Page 116

Story: Love Loathe Devotion

A beat of silence on the other end. Then Nico’s voice, calm and deadly certain. “I’ll get Eddie. We’ll be on the next flight.”

I exhale shakily, clutching the phone like a lifeline. “Thank you. I—thank you.”

“He’ll want to know,” Nico says. “And he’ll want to be there. Hold tight, Laney. We’ve got you.”

I end the call and lower the phone slowly, pressing it to my chest.

Lucas is quiet beside me, wiped out, eyes closed, fists clenched against his knees. I touch his arm gently. “They’re coming. Nico and Eddie. They’ll be on the first flight.”

He nods once, then turns to me, his eyes filled with something broken—but also something grateful.

We don’t speak again as he leaves to go back in to Sam.

I sit alone in the waiting room, surrounded by fluorescent light and the hum of machines behind double doors, holding on to hope like it’s the only thing I have left.

Because maybe it is.

Time stretches.

Distorts.

Swells and contracts like breath through a cracked rib cage.

I sit in the same chair, elbows on knees, my hands clasped so tightly my knuckles ache. The bright overhead lights buzz and hum, casting sharp shadows on the pale vinyl floor. My eyes sting from not blinking enough. From blinking too much. From trying to hold back the tears that come and go like waves.

No one speaks to me.

A nurse passed by earlier, gently asked if I wanted coffee. I shook my head. I couldn’t form words.
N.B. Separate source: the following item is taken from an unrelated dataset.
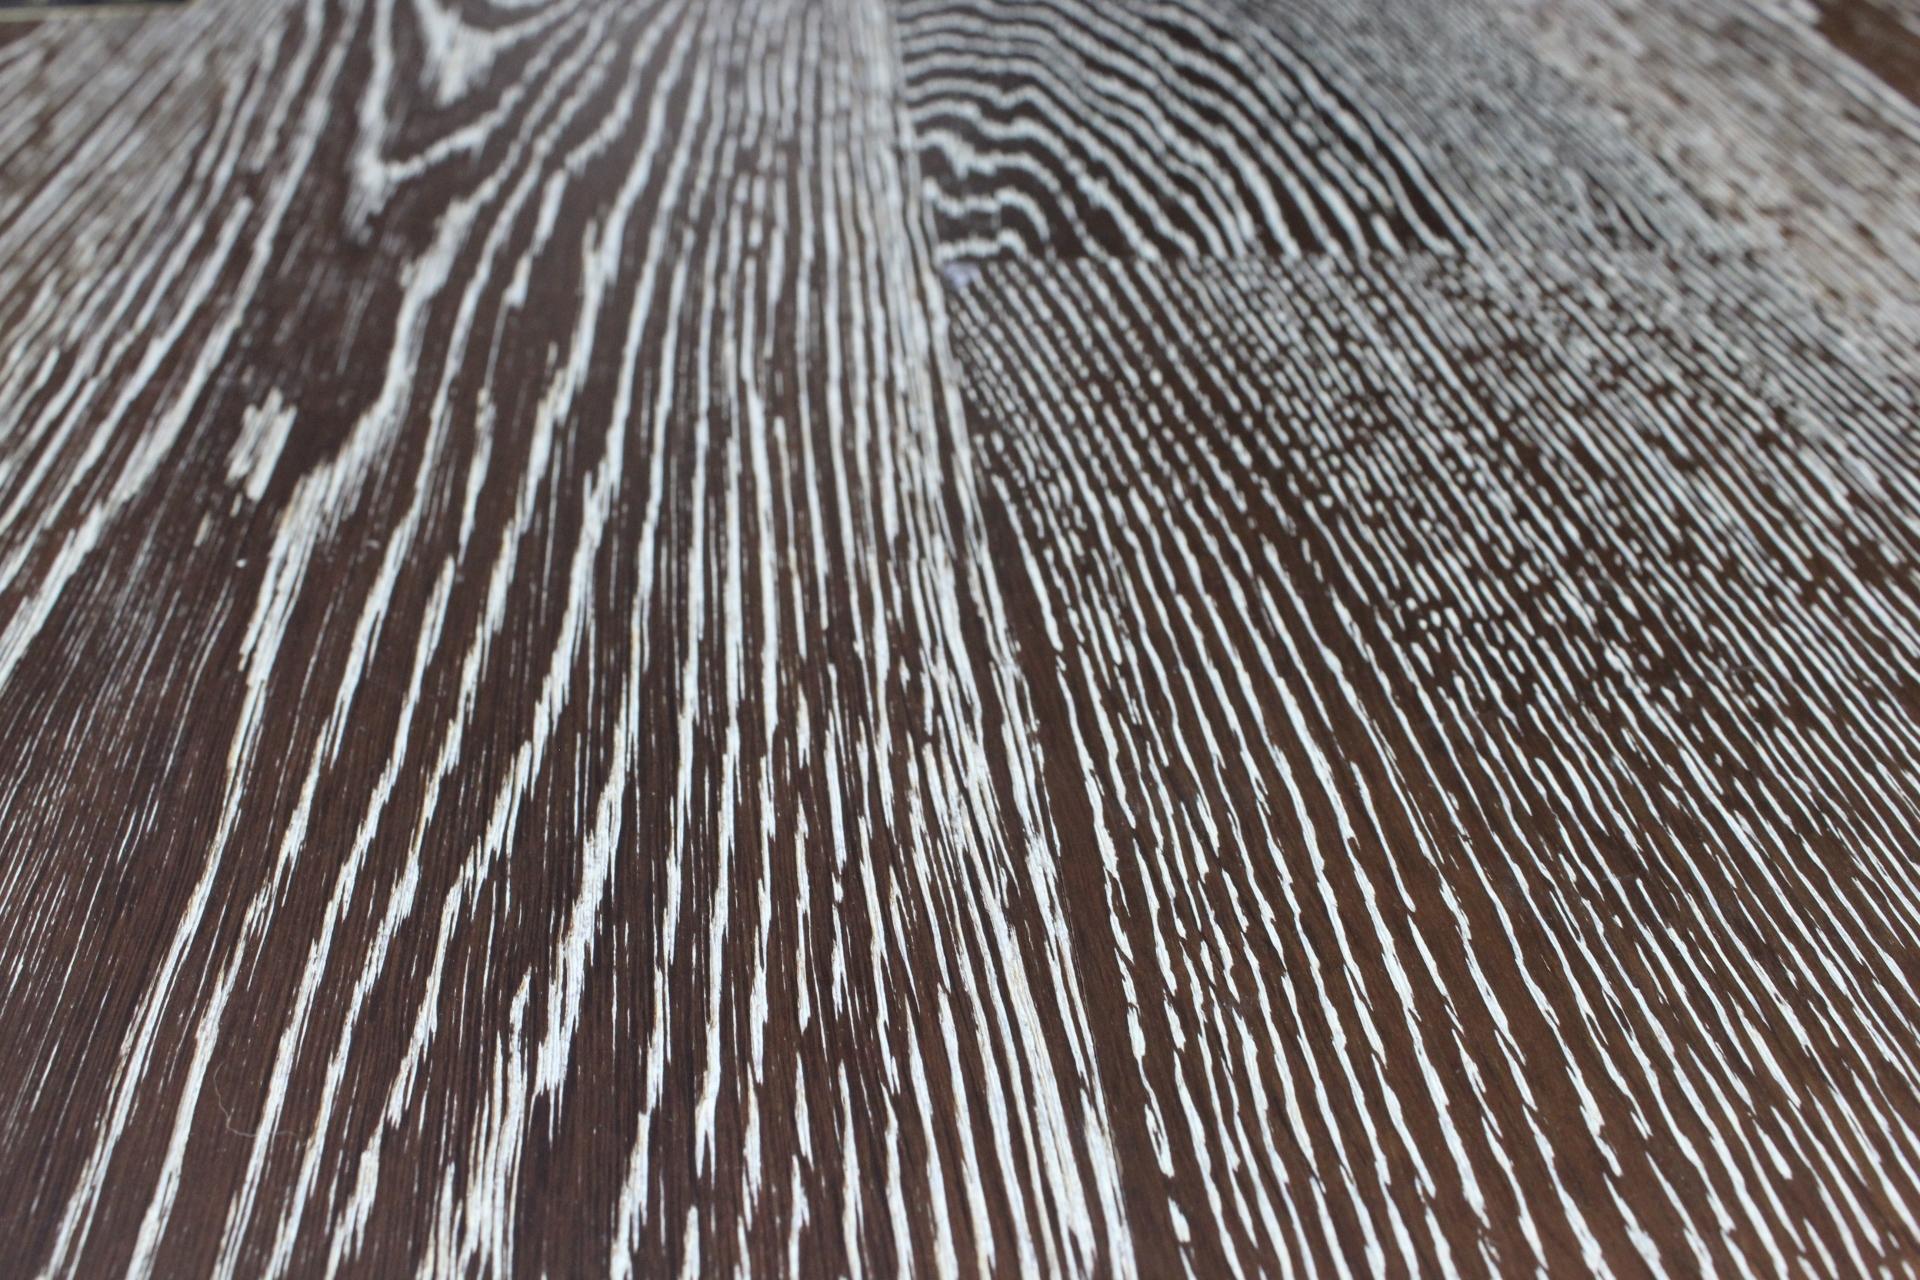 Hardwood, prefinished floor, engineered wood, solid wood, lifestyle, hard surface, prefinished hardwood, prefinished wood, home, design, interior design, wood floor design, baltic wood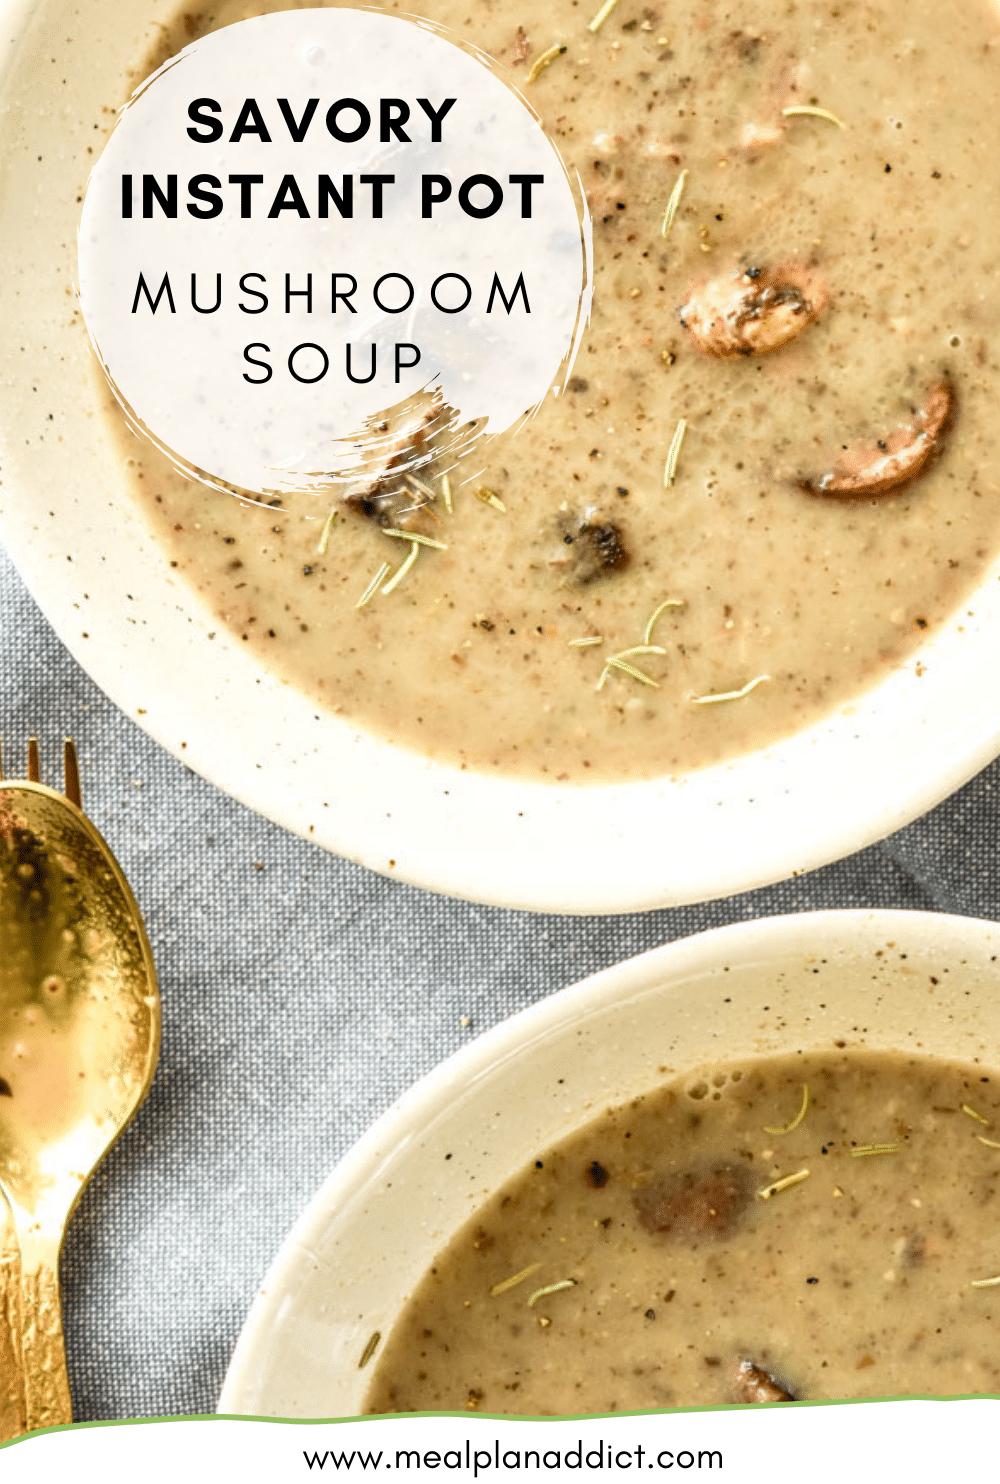 Savory Instant Pot Mushroom Soup

Now it’s quiet again. The clock on the wall ticks past. I know the numbers, but they don’t feel real.

Joey is behind those doors. Sam is with him. Lucas hasn’t come out since the call to Nico.

And I—

I just wait.

I think of Eddie—what he’s doing right now. If he knows. If Nico told him gently, or if he had to rip the truth out fast like a bandage.

I picture his face when he hears about Joey.

That little boy who calls him ‘my Eddie’ with a crooked smile and glitter glue stuck to his fingers.

God.

He must be shattered.

But I know him. He’ll be coming. No delays. No detours. Nico doesn’t book commercial flights—he’ll already have the jet moving.

They’re coming.

That’s the only thing keeping me from crumbling.

I shift in the chair, pulling Eddie’s hoodie tighter around me. It still smells like him. A trace of cologne. Of comfort. Of the life we’ve started to build.

A few more people have entered the waiting room over the last hour—a crying couple, an older man with a bloodied bandage on his hand, a woman sitting alone, staring into her lap.

But it feels like we’re all moving through our own private hells, connected only by the silence and the soft scuff of nurses’ shoes on linoleum.